Nonaligned countries joined the Western alliance in criticism of the war after Putin’s mobilisation. India’s Minister of External Affairs Subrahmanyam Jayashankar said: “The trajectory of the Ukraine conflict is a matter of profound concern for the international community,” and insisted that “egregious attacks committed in broad daylight” should not go unpunished.

Brazilian foreign minister Carlos Alberto Franco Franca said the war “endangers the lives of innocent civilians and jeopardises the food and energy security of millions of families in other regions”.

China’s foreign minister Wang Yi reaffirmed his country’s support of Ukraine’s territorial integrity in a meeting with Ukrainian Foreign Minister Dmytro Kuleba, an indirect criticism of Putin’s war.

World leaders gathering at the 77th UN General Assembly in New York City overruled a Russian objection to Ukrainian President Volodymyr Zelenskyy becoming the only world leader allowed to address the body remotely.

United States National Security Advisor Jake Sullivan said Putin’s mobilisation was a sign of weakness.

“What Putin has done is not exactly a sign of strength or confidence; frankly, it’s a sign that they’re struggling badly on the Russian side,” Sullivan said in an interview with the CBS news programme Face the Nation.

‘Sham’ referendums

On September 27, Russia said the four Ukrainian regions it largely occupies – Luhansk, Donetsk, Zaporizhia and Kherson – had voted overwhelmingly for annexation by Russia in referendums. The approval rates were in the 80th and 90th percentile, and turnout was well over 70 percent, said Russia.

European Union and US officials have called these “sham” referendums and say they will not recognise the results because the regions are under occupation and in a state of war.

Luhansk Governor Haidai said Russian pollsters were issuing passports in return for “yes” votes to the referendum.

In the devastated port of Mariupol, Ukraine’s military intelligence said occupation officials went door-to-door, forcing households that received humanitarian aid to vote.

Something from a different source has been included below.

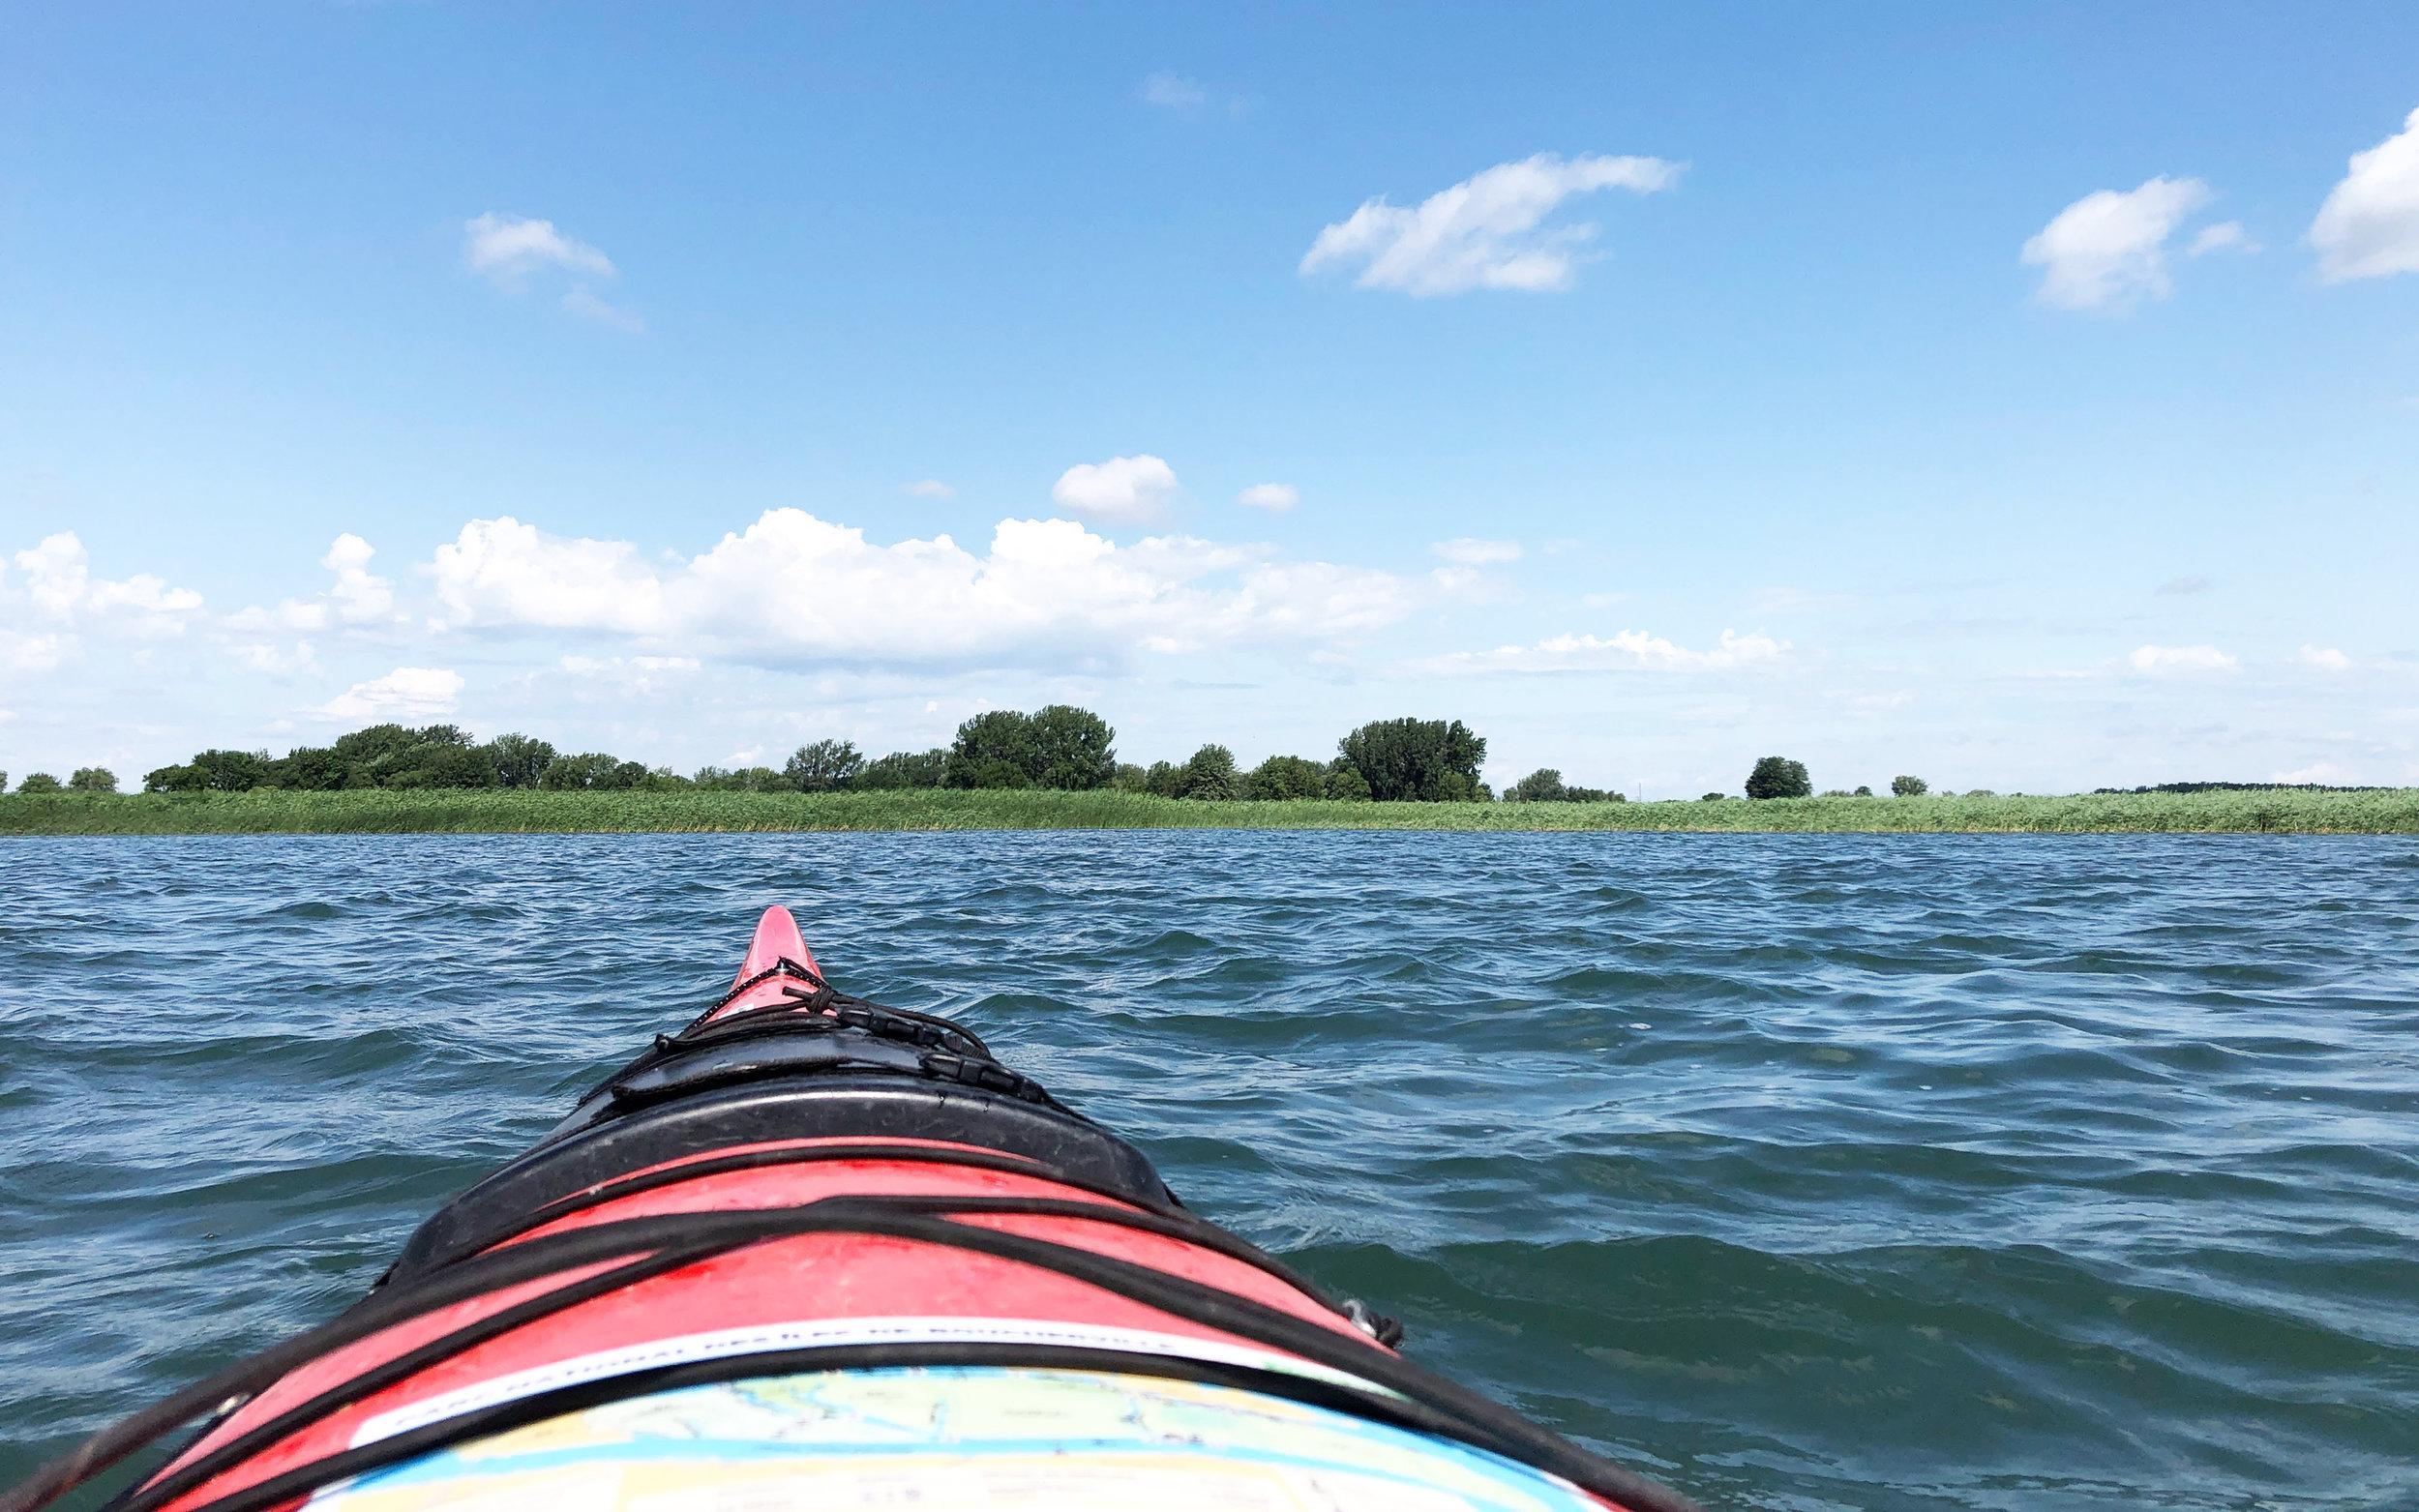 Kayak at Îles-de-Boucherville National Park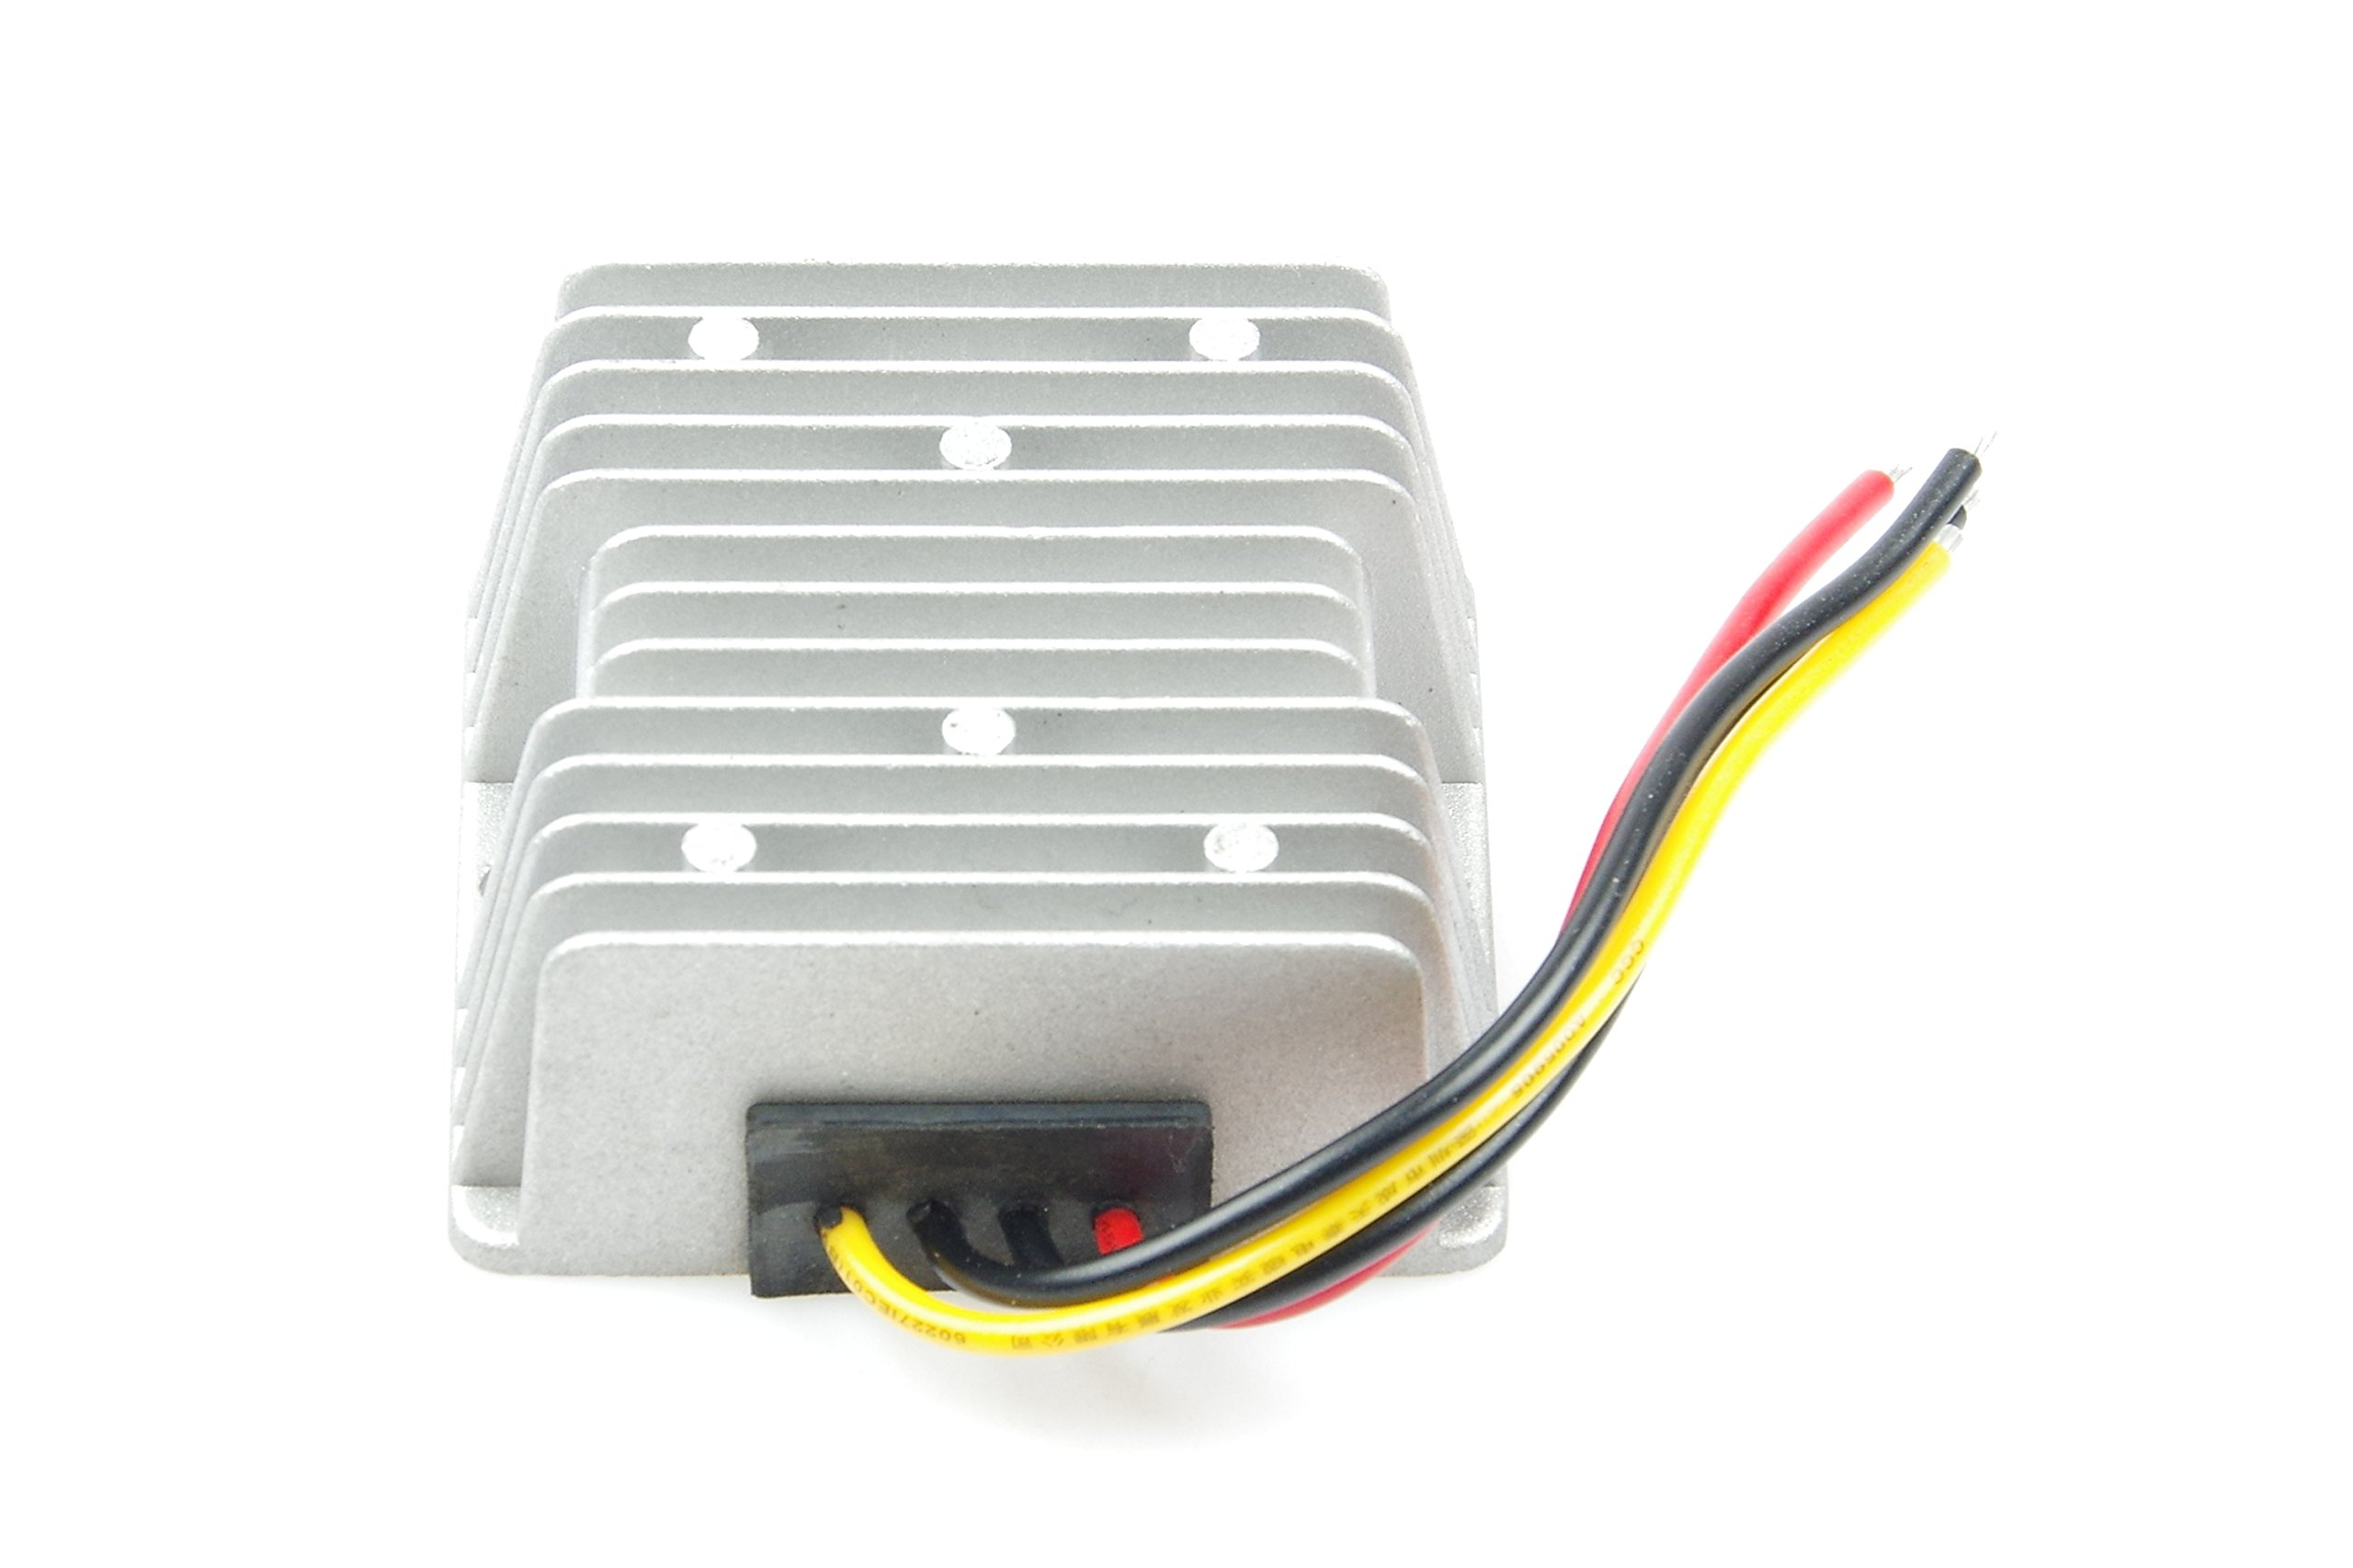 Voltage Converter Regulator DC/DC DC12V 24V 36V (8-40V) Convert to DC 13.8V 8A 110W Buck Transformer Waterproof

Ukraine’s Centre for Countering Misinformation also reported other irregularities. In Kherson, a single family member would typically be asked to fill in several ballots for absent family members. In Enerhodar, the city housing workers at the Zaporizhzhia Nuclear Power Plant, ballots were reportedly brought door-to-door by armed men and filled in at gunpoint.

Ukraine’s nuclear plant administrator, Energoatom, said plant workers were overwhelmingly against the annexation of the Zaporizhia region, so Russian troops (of whom there are 4,500 at the plant) dressed as workers and mingled with the real staff during a shift change, speaking in favour of the Russian occupation to Russian media who were present. They then, reportedly, cast ballots in favour of annexation.

Counteroffensive continues

Throughout the week, Ukrainian counteroffensives continued to claw back territory. In Kharkiv, Ukrainian forces moved well east of the Oskil River, creating enclaves of liberated settlements north and south of Lyman in the Donetsk region, and suggesting the recapture of the city is only a matter of time.

Ukraine also said it has liberated 59 settlements in the southern region of Kherson since the start of its counteroffensive on August 29.

Ukraine’s armed forces were continuing to corrode Russian fighting capacity by hitting ammunition and equipment concentrations. Sometime between September 17 and 23, they destroyed two ammunition warehouses, they said, without specifying where.

On September 25, Ukraine’s forces in Kherson destroyed two ammunition warehouses and struck crossing points across the Dnieper River at Nova Kakhovka, Ukraine said.